--- START ---
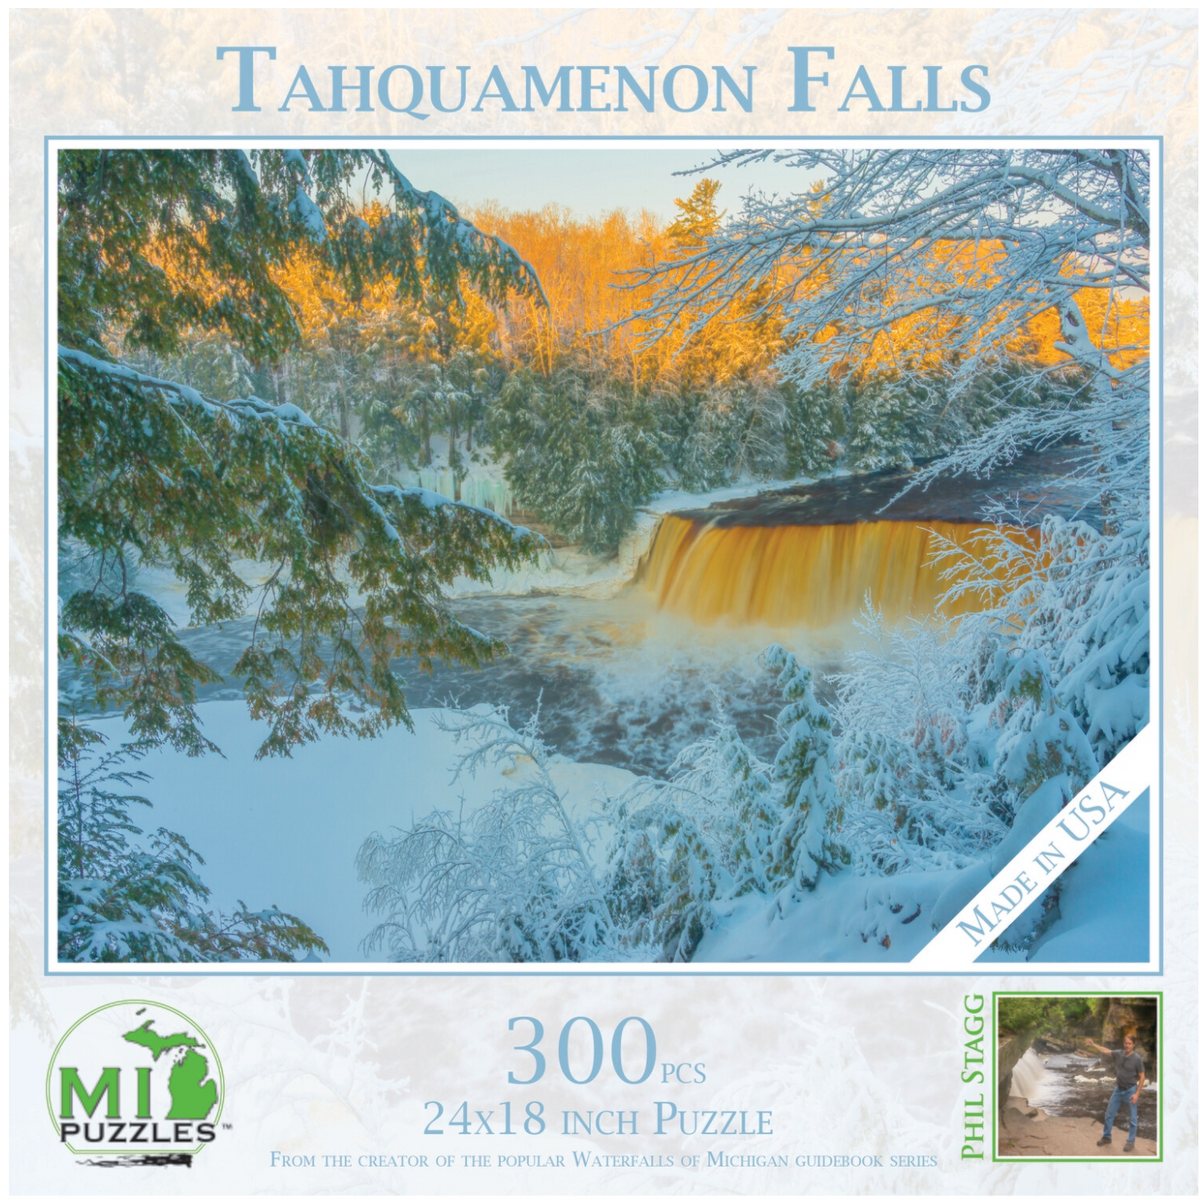 Tahquamenon Falls 300 piece Phil Stagg puzzle
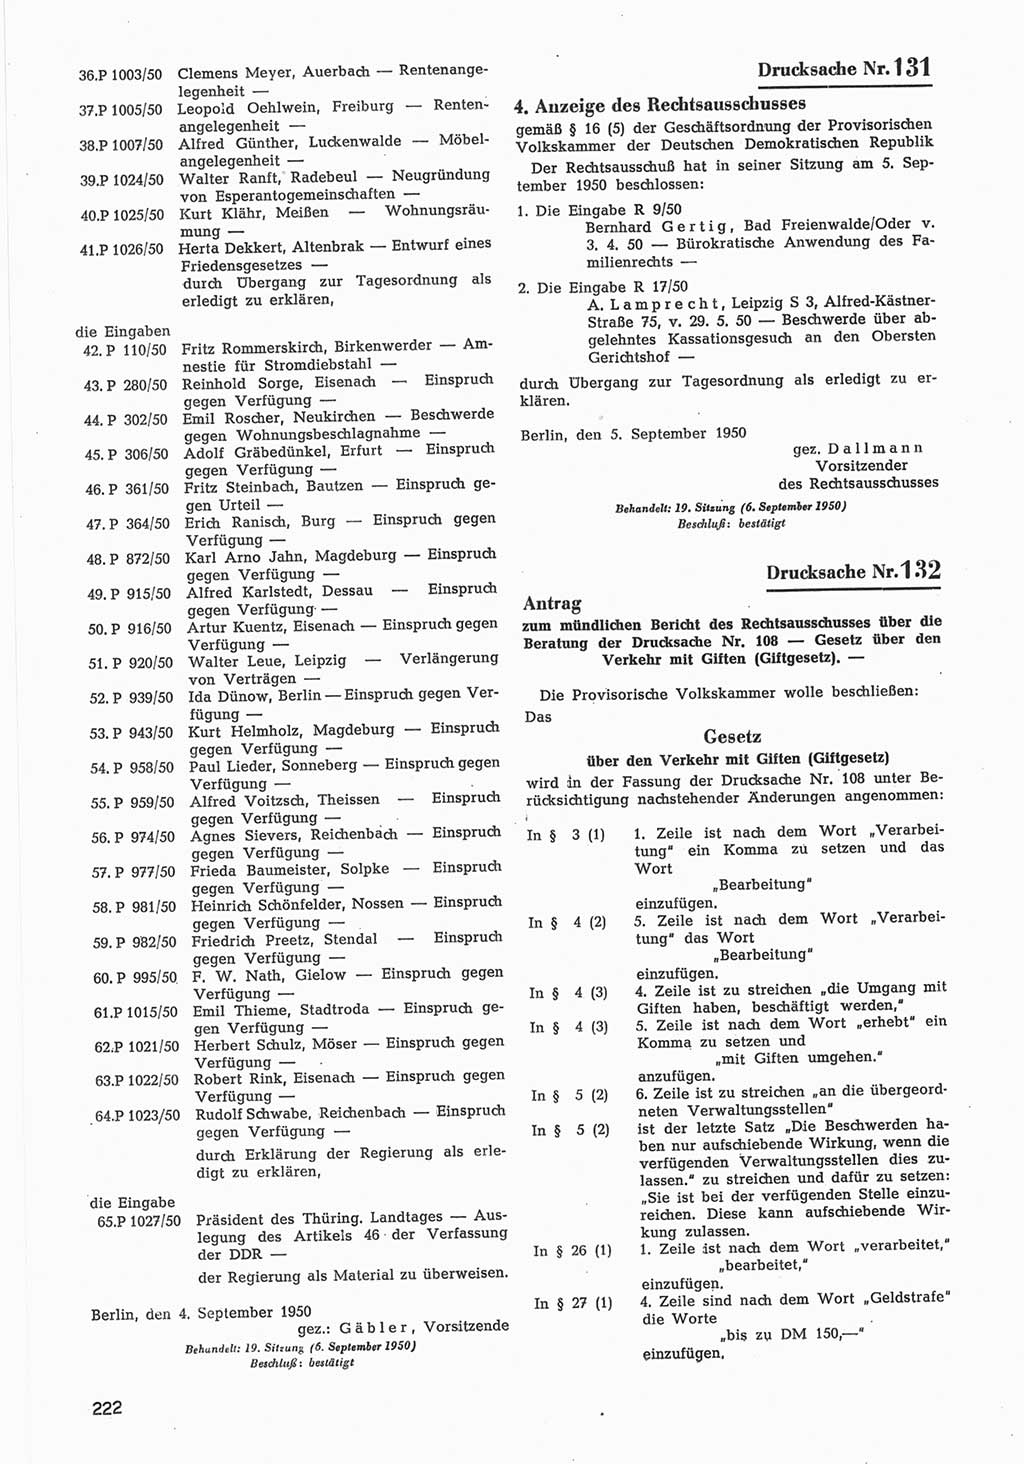 Provisorische Volkskammer (VK) der Deutschen Demokratischen Republik (DDR) 1949-1950, Dokument 824 (Prov. VK DDR 1949-1950, Dok. 824)
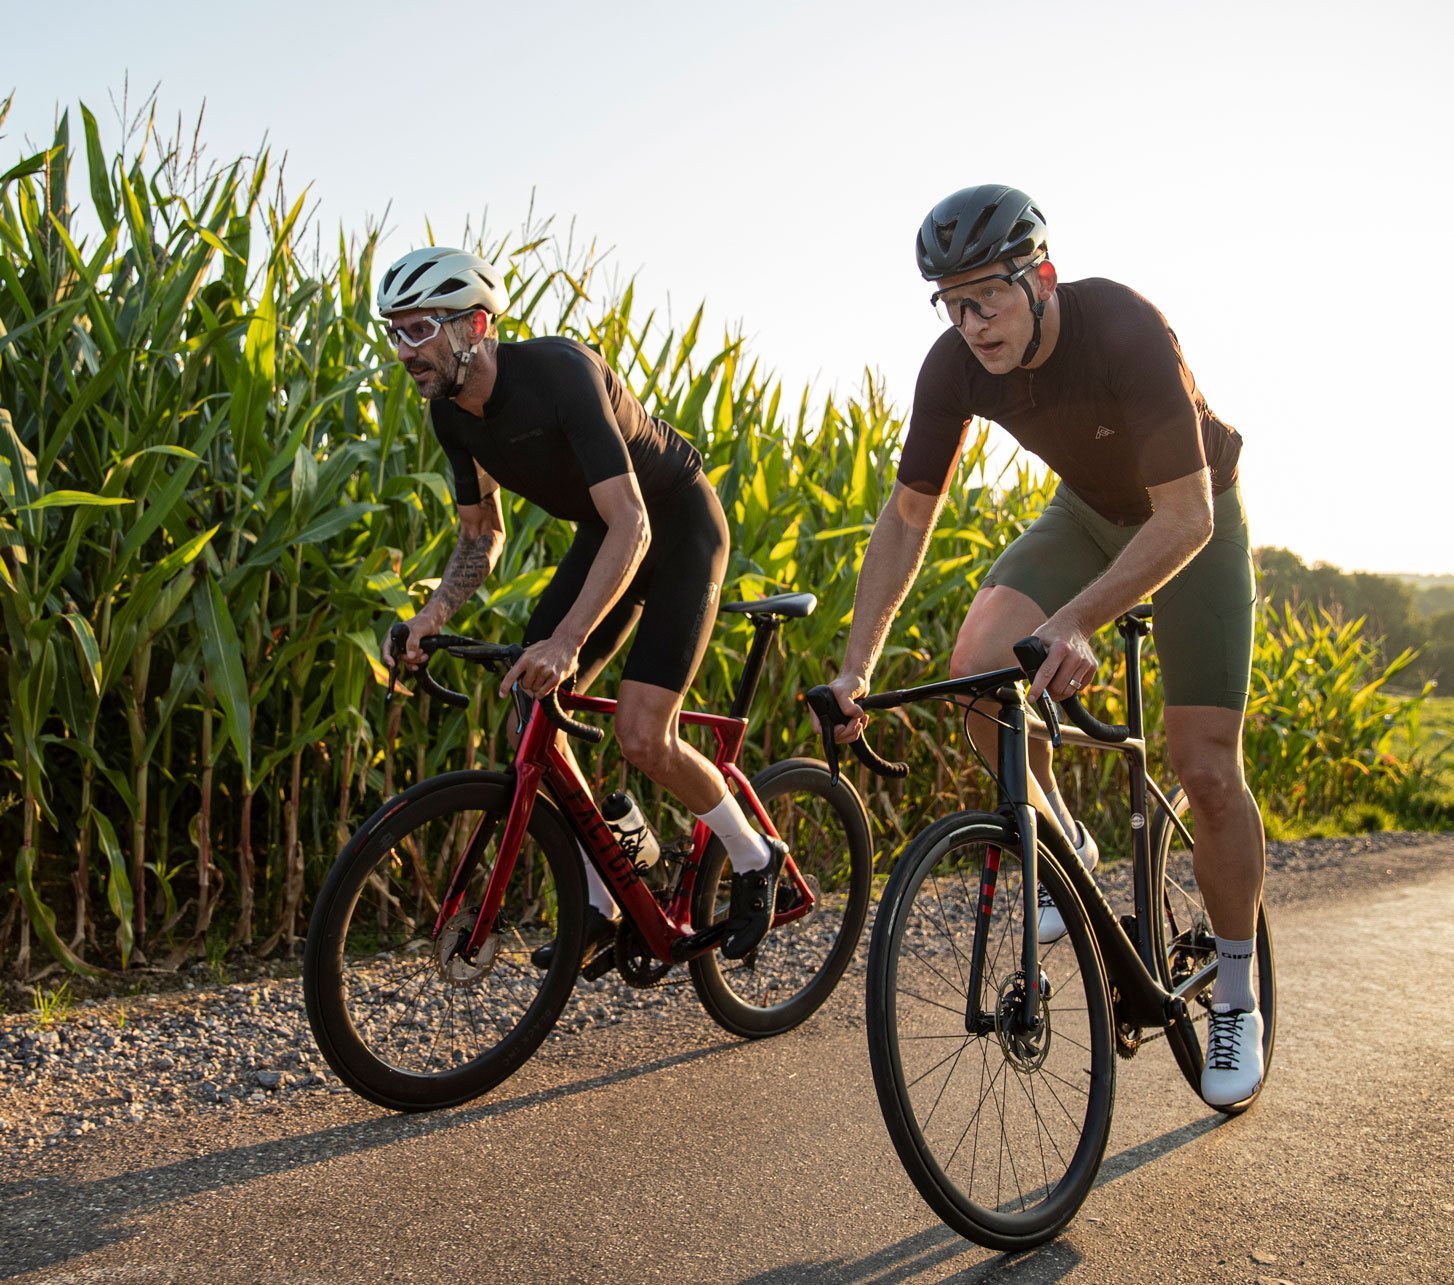 Zwei Rennradfahrer fahren im Wiegetritt in der Abendsonne
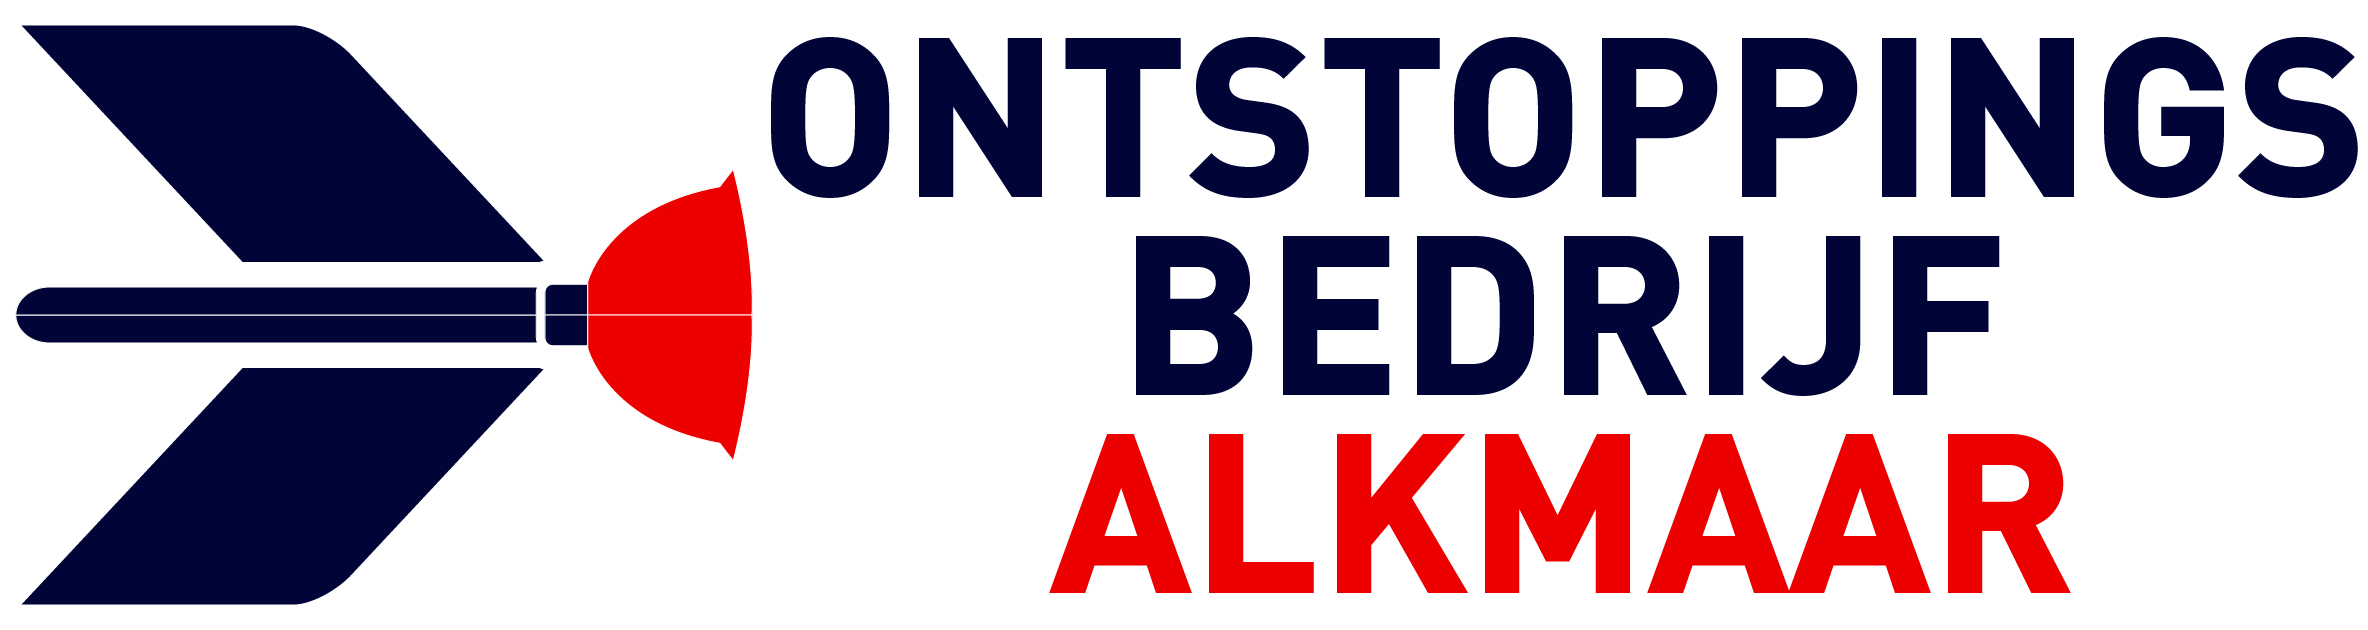 Ontstoppingsbedrijf Alkmaar logo
--- END ---
Task details -
Set down all of the material word for word, but keep each picture out.

Solution below -
 Tahquamenon Falls 300 piece Phil Stagg puzzle
 Provisorische Volkskammer (VK) der Deutschen Demokratischen Republik (DDR) 1949-1950, Dokument 824 (Prov. VK DDR 1949-1950, Dok. 824)
 Zwei Rennradfahrer fahren im Wiegetritt in der Abendsonne
 Ontstoppingsbedrijf Alkmaar logo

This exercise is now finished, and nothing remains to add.